Proof that you're never too old for a water mat:-)

She often provides her sister with some nice deep pressure to support her focus:-)

Has taken to lying in a tummy time position to do her 'writing' too!

2) If you’re brave let them get messy together!

3) If you are focusing on a specific project with an older child find some way that your little one can get involved - even if it turns out to be a token effort it’ll make them feel included, and keep them entertained whilst attention can be directed towards your older one/s.

4) Match skills worked on - if I am doing maths with my older one then I will do puzzles or shapes in play doh with my little one, if my older one is working on her laptop then my little one will ‘work’ on an iPad, if my older one is doing writing then my little one will focus on mark making and working towards forming pre-writing shapes - she’s getting good at circle drawing!

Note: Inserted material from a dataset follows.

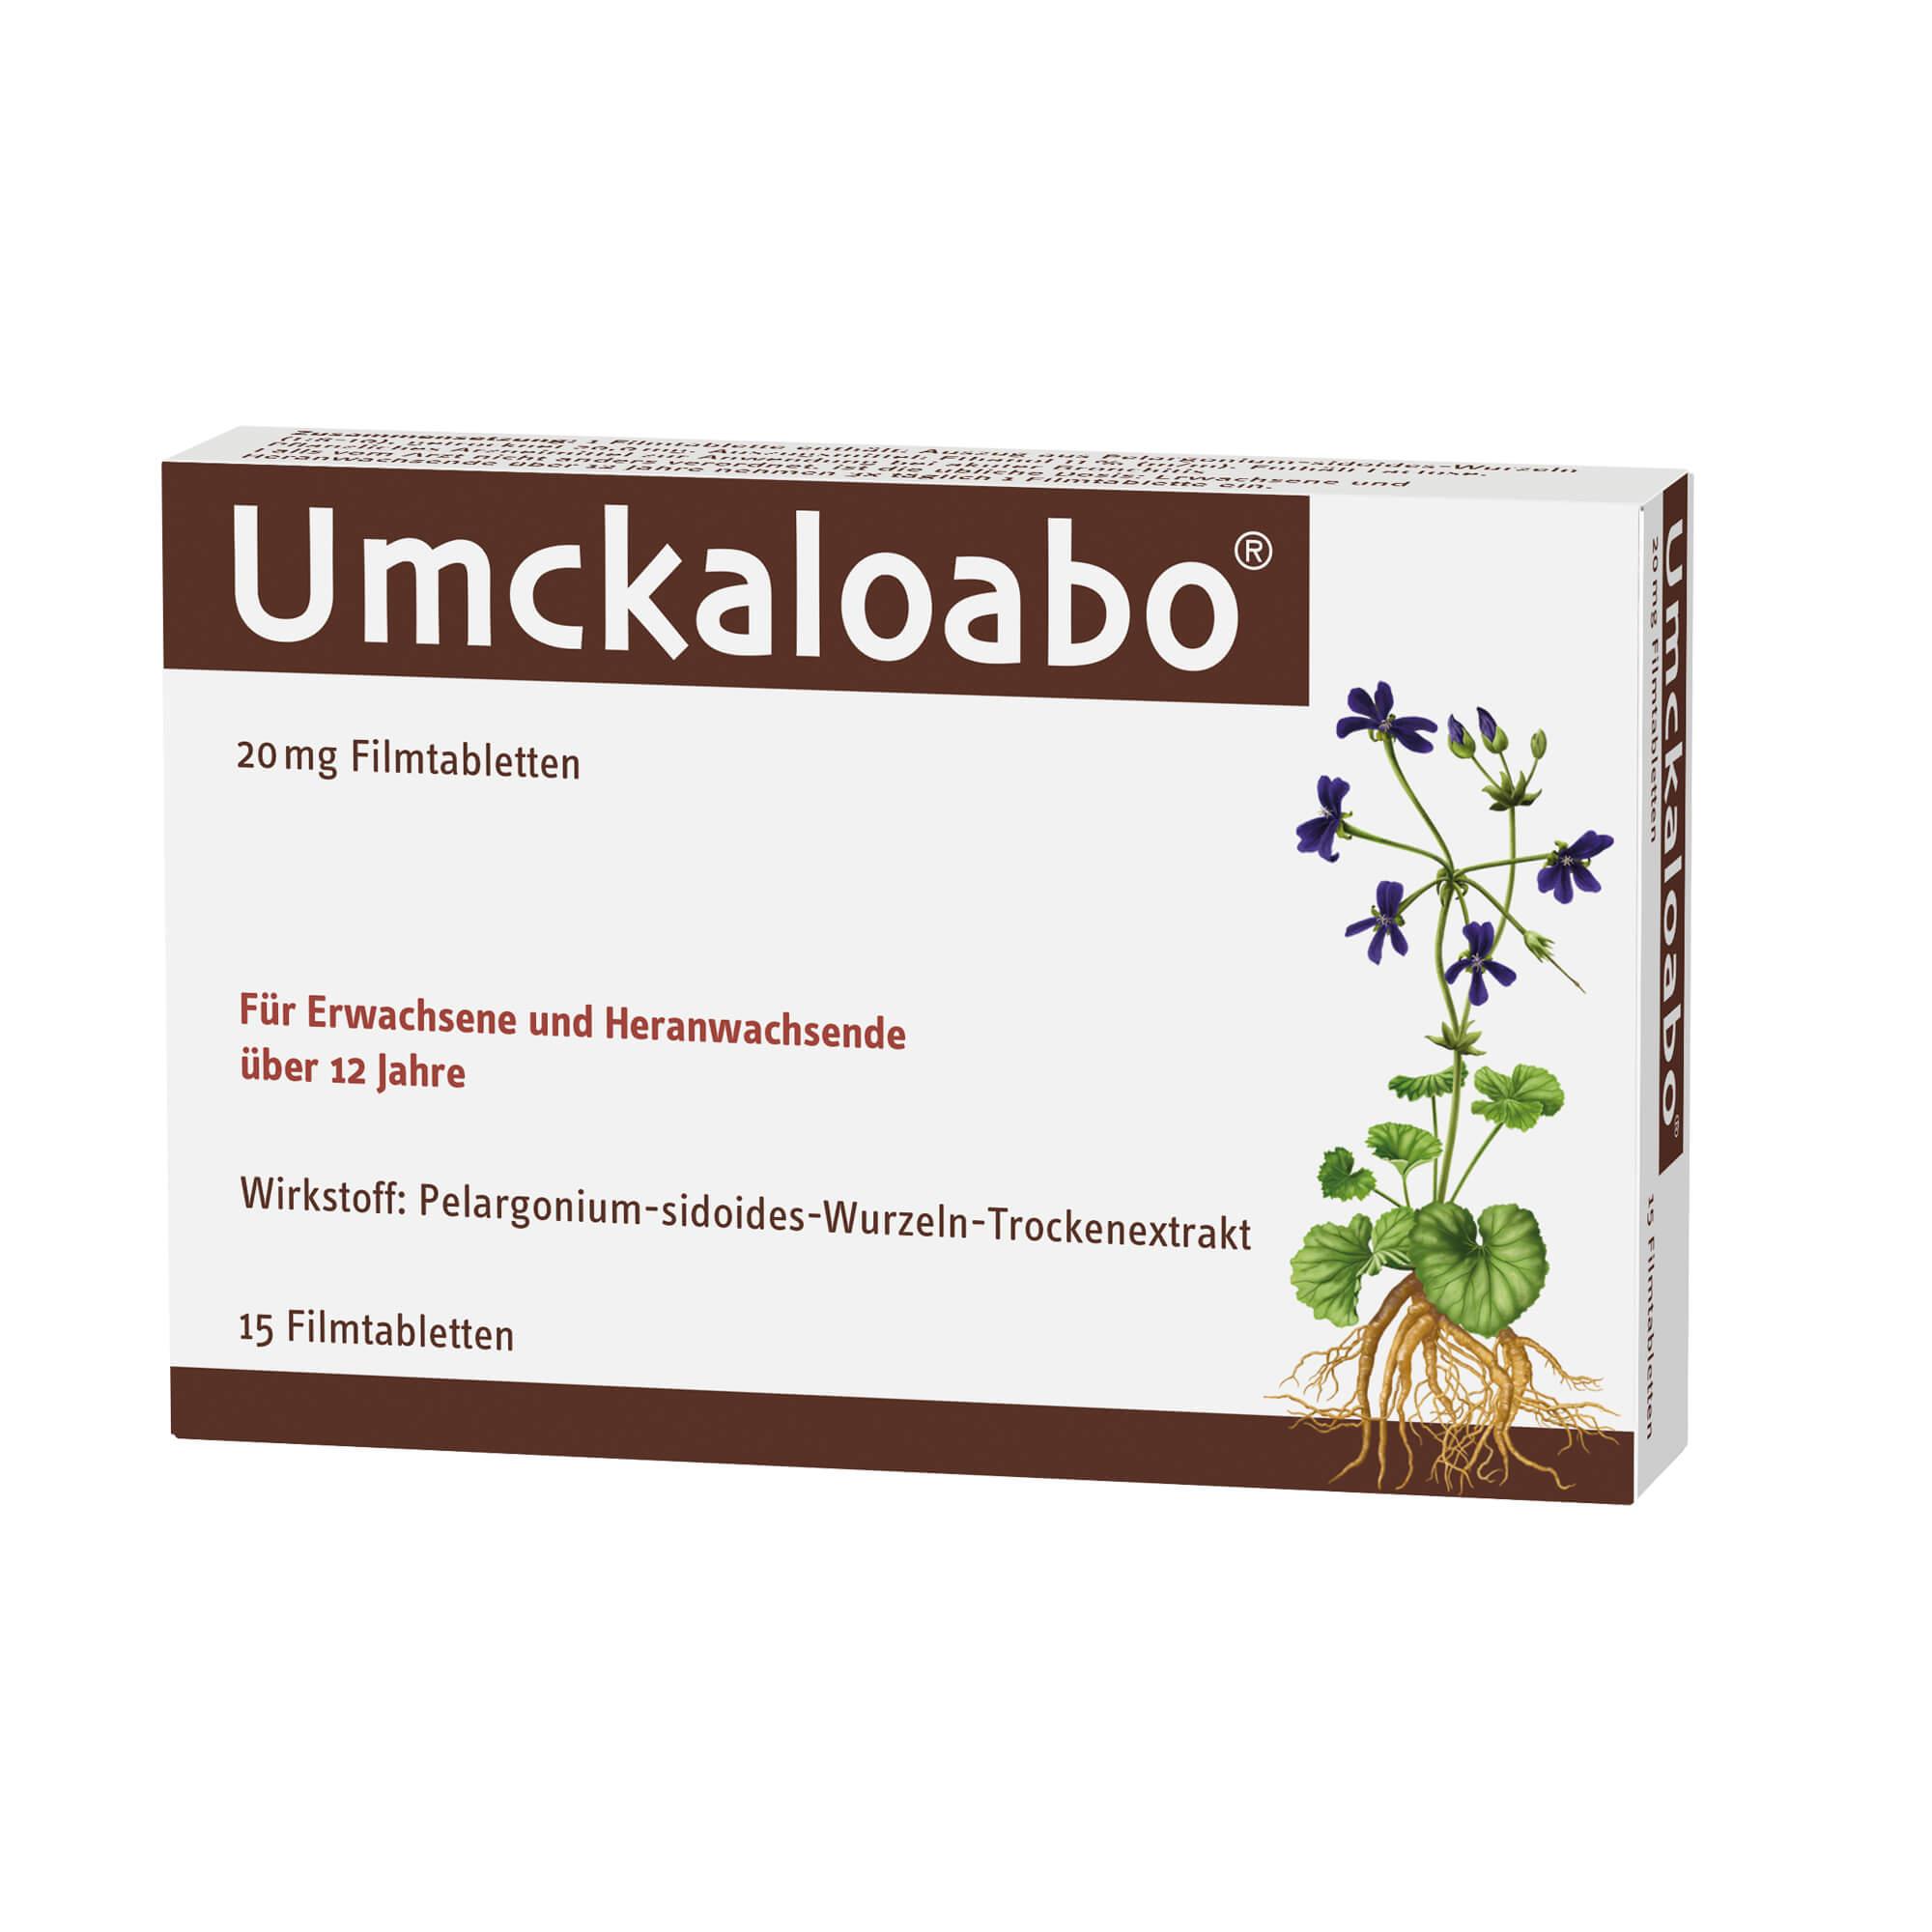 Umckaloabo 20 mg
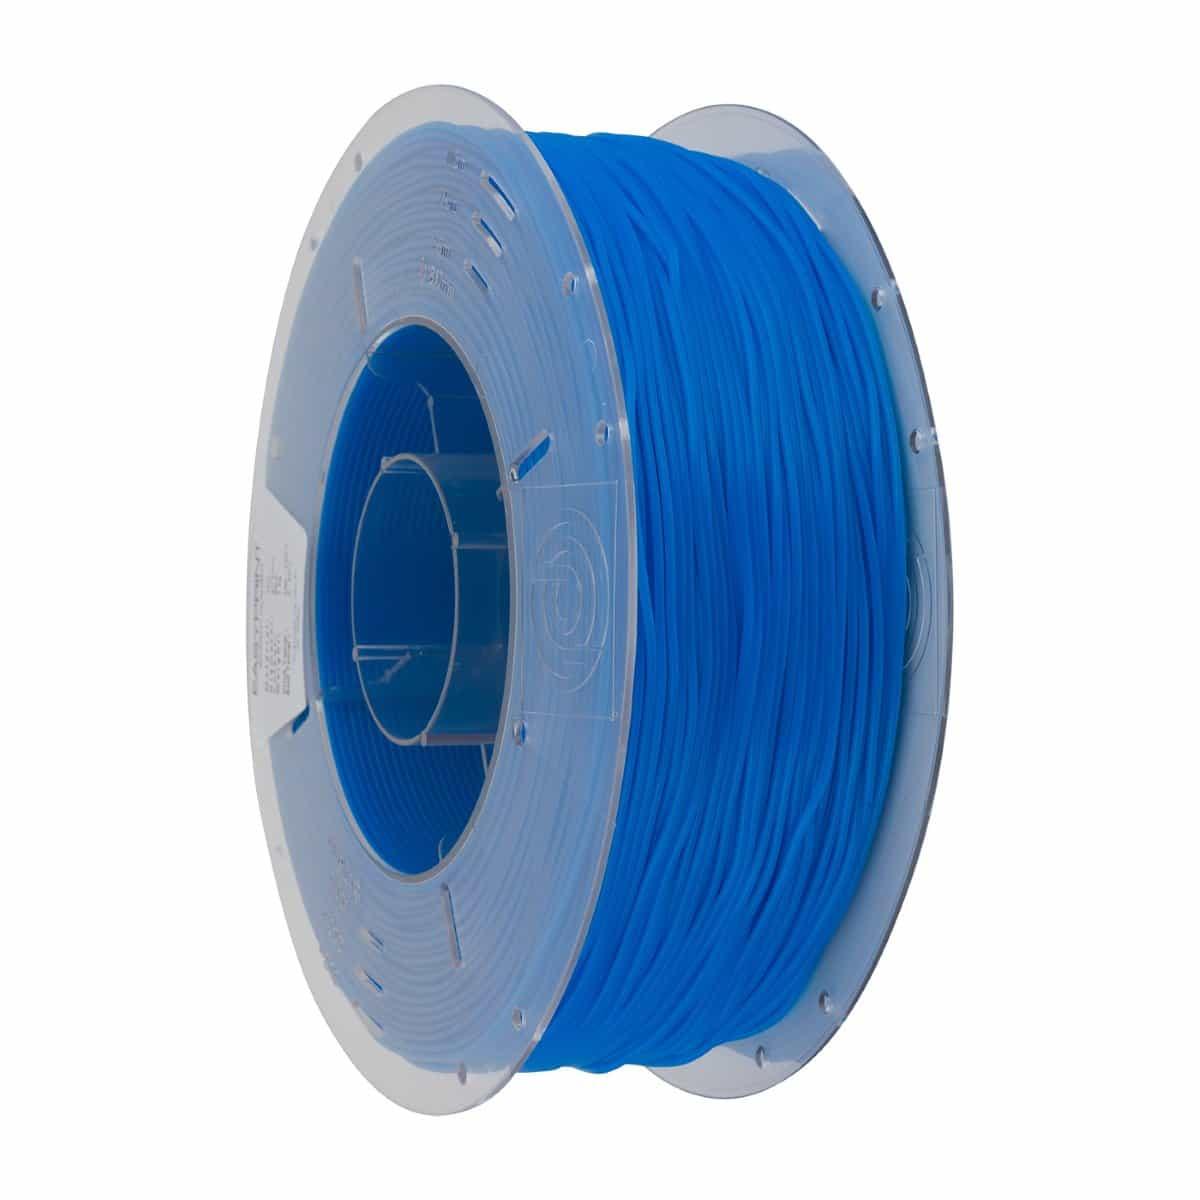 Image of PrimaCreator™ EasyPrint FLEX 95A - 1.75mm - 1 kg - Blue

5) Do loads of arts and crafts and baking! The one thing I really notice is how much more independent and skilled my little one is at the age of 2 than my older one was...why?! Primarily because you can’t direct two as well as you can one:-) But in all seriousness, I really value the increased opportunity my little one has to create on her own terms without me directing the show as I must admit I was pretty guilty of doing first time around! My older one wants to focus on productivity and making what we’ve agreed, whereas my little one just goes for it with very little input or direction from me!

Take a look at some footage of my two working, having fun and learning together:

Some of the new skills my little one has started to learn from big sister:

See here for some great ideas on home made messy play:

And my favourite play dough recipe - I just add some scented extract to add to the sensory feel (mint or almond works a treat!):

We made ours in the microwave and it was a lovely sibling activity as my older one read the instructions and my little one stirred!

Overall, although it might sometimes feel like a zoo (I know my house does at times!), having siblings in this time can be such an enjoyable and precious time! So enjoy, try new things and most importantly remember that whatever they do will be far more fun if they are able to do it together - and who knows they might come out of this time as friends, or at the very least tolerant of the needs of someone other than themselves.